Proposal

  • Friday, Feb 26, 2021
blog-image

Motivation

Airbnb is an online vacation rental marketplace servicing a community of hosts and travellers. Hosts are able to list their space for rental to travellers anywhere in the world. The data generated by Airbnb provides rich information, including structured data such as price and location, as well as unstructured data such as reviews and listing descriptions. Current statistical and analytical tools like SAS JMP are often subscription-based and require technical knowledge to mine and draw insights from. This project aims to overcome these hurdles by developing an app which is concise, interactive, and user-friendly regardless of one’s technical ability. Thus, with our app, anyone and everyone would be able to make data-based decisions effortlessly.

Objective

This project aims to utilise various R packages, mainly TidyText, TidyModels and ggstatsplot, to build an interactive R Shiny application that serves as an integrated platform which allows users to perform the following analysis:

  1. Text Analysis

  2. Exploratory and Confirmatory Data Analysis

  3. Predictive Analytics

Application Use case

  1. Hosts: In 2014, Airbnb launched the Superhost programme to reward hosts with outstanding hospitality. As a Superhost, one will have better earnings, more visibility, and are able to earn exclusive rewards such as increased earnings compared to regular hosts. To become a Superhost, these are the criteria to be met:
  • 4.8 or higher overall rating based on reviews

  • Completed at least 10 stays in the past year or 100 nights over at least 3 completed stays

  • Less than 1% cancellation rate, not including extenuating circumstances

  • Responds to 90% of new messages within 24 hours.

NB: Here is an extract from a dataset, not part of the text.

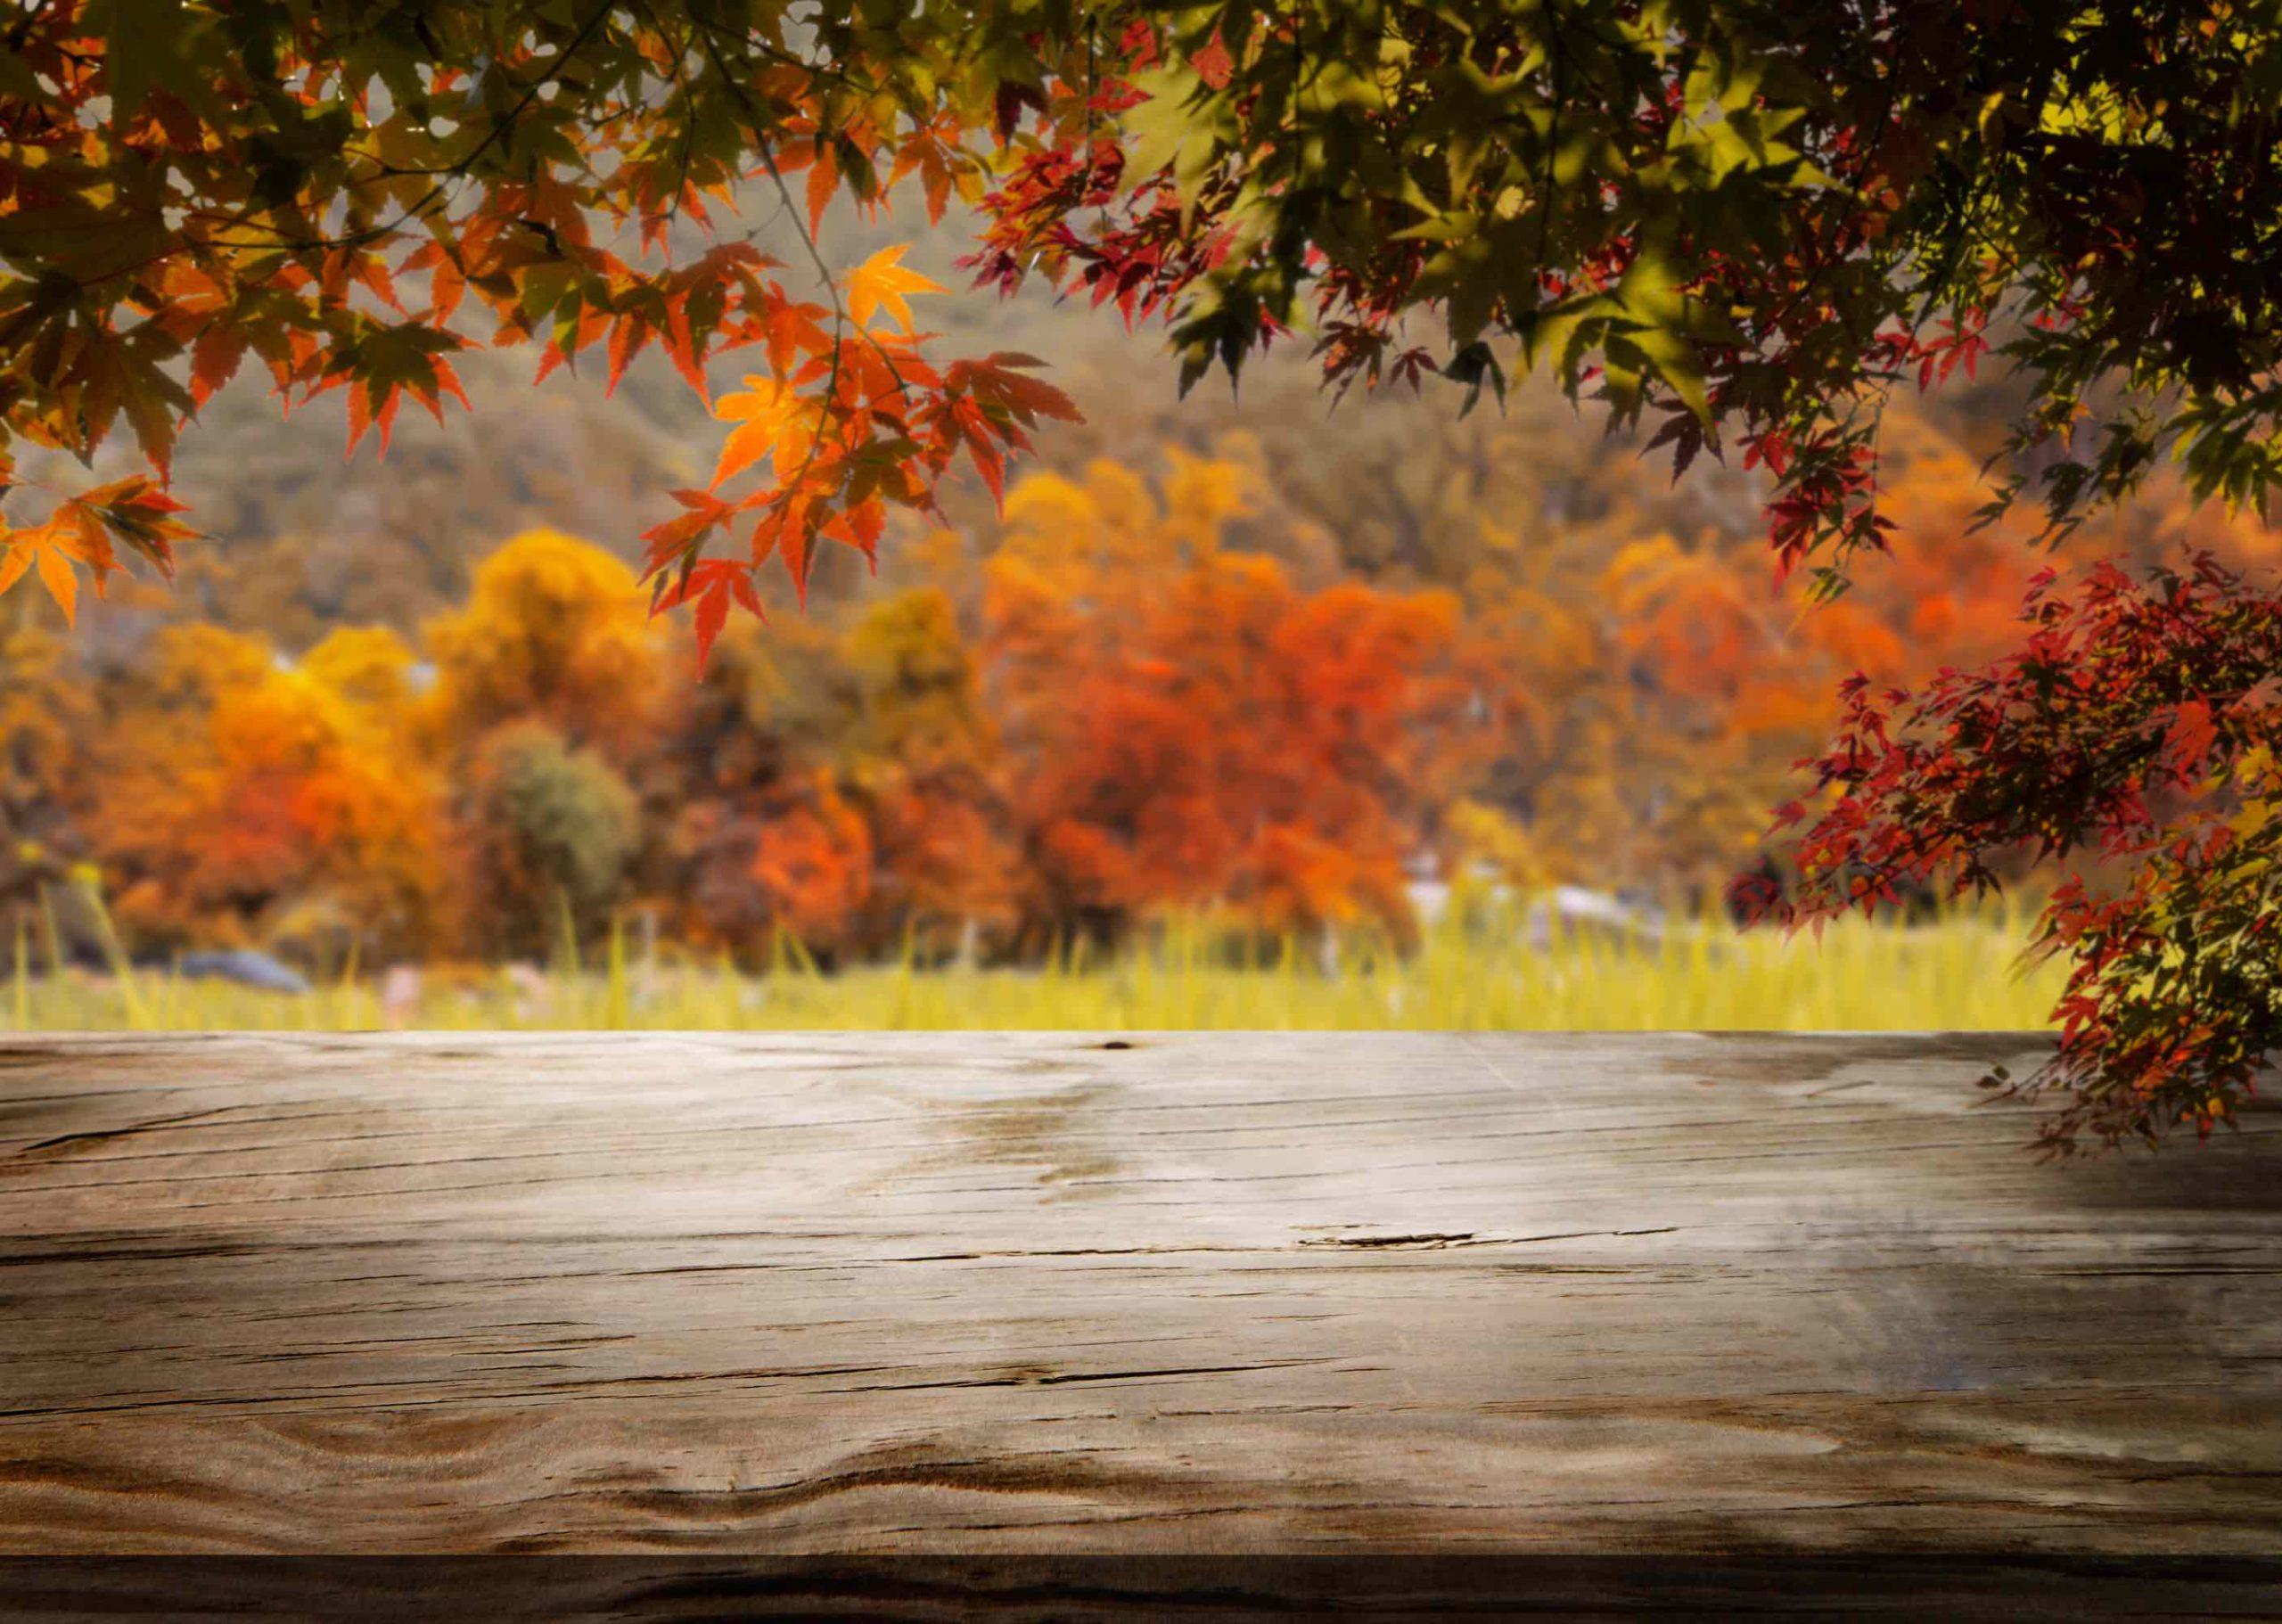 Celebrate The New Season With These Stylish Fall Decor Ideas

  1. Guests: With over 60,000 members and 6000 properties listed on Airbnb website, a dilemma on which is the right space might be of concern to users.

Hence, this dashboard allows users to analyse their needs and compare across other listings.

Data

Dataset used is obtained from Inside Airbnb. In particular, we extracted the following files:

  • listing.csv.gz: This dataset consists of 74 variables and 4256 data points.
  • Reviews.csv.gz: This dataset provides 6 variables and 52368 data points.

The location is Singapore, with latest date compiled on 27 January 2021.

Proposed Analytical Methods and Visualisation

Map

To show the distribution of listings in Singapore. The intensity of colour can be used to highlight price range, superhost, room type, etc.

Word Cloud

To explore the frequency of textual data of reviews and listings. This allows users to identify the words that are most commonly associated (proportionate to size) with a particular listing / neighbourhood, etc.

Sentiment

To identify positive and negative words associated with the listings, cloud comparison is used.

Exploratory Data Analysis

To explore the Airbnb dataset and identify interesting trends with the interactive visualization.

Confirmatory Data Analysis

To perform statistical test on listings data to augment findings found in the “Exploratory” tab.

Distribution of variables

To have better understanding of the variables and their potential to be a predictor of a response variable (price/rating), predictive analysis with different model types can be done.

Correlation matrix

To visualise the relationships between the independent variables and check for signs of multi-collinearity among the independent variables. Highly correlated variables to be excluded from the model.

Multiplot

To check for any signs for complete and/or quasi-complete separation, which must be excluded from the predictive model as they will prevent the convergence of the maximum likelihood estimates for the coefficient and ultimately distorting the model.

Data splitting and sampling

To partition the data into training/test/validation sets and apply selected cross validation.

Note: Percentage of target must be proportionate across the different dataset.

Model calibration

To select calibrate different classification and regression models.

Model evaluation

To select assessment method for model, compute confusion matrix and display variable importance of selected model.

Proposed R Packages

PackagesPurpose
TidyverseFor data manipulation
cld3To filter out non-English observations
TidytextFor processing textual data
wordcloudTo create word cloud
PlotlyCreate interactive plots for exploratory analysis
ggstatsplotCreate plots with statistical tests included within plot
TidymodelsBuild prediction models

Revelant work

Bion R, Chang R, Goodman J. 2017. How R helps Airbnb make the most of its data. PeerJ Preprints 5:e3182v1 https://doi.org/10.7287/peerj.preprints.3182v1

Lu, Y., Garcia, R., Hansen, B., Gleicher, M., & Maciejewski, R. (2017). The State-of-the-Art in Predictive Visual Analytics. Computer Graphics Forum, 36(3), 539–562. https://doi-org.libproxy.smu.edu.sg/10.1111/cgf.13210

Scrivner, Olga & Chakilam, Vinita & Poojary, Jivitesh & Sahoo, Nilima & Uppuluri, Chandan & De Spiegeleire, Stephan. (2017). Building Customized Text Mining Tools via Shiny Framework: The Future of Data Visualization.

Staniak, M., & Biecek, P. (2019). The Landscape of R Packages for Automated Exploratory Data Analysis. R J., 11, 347.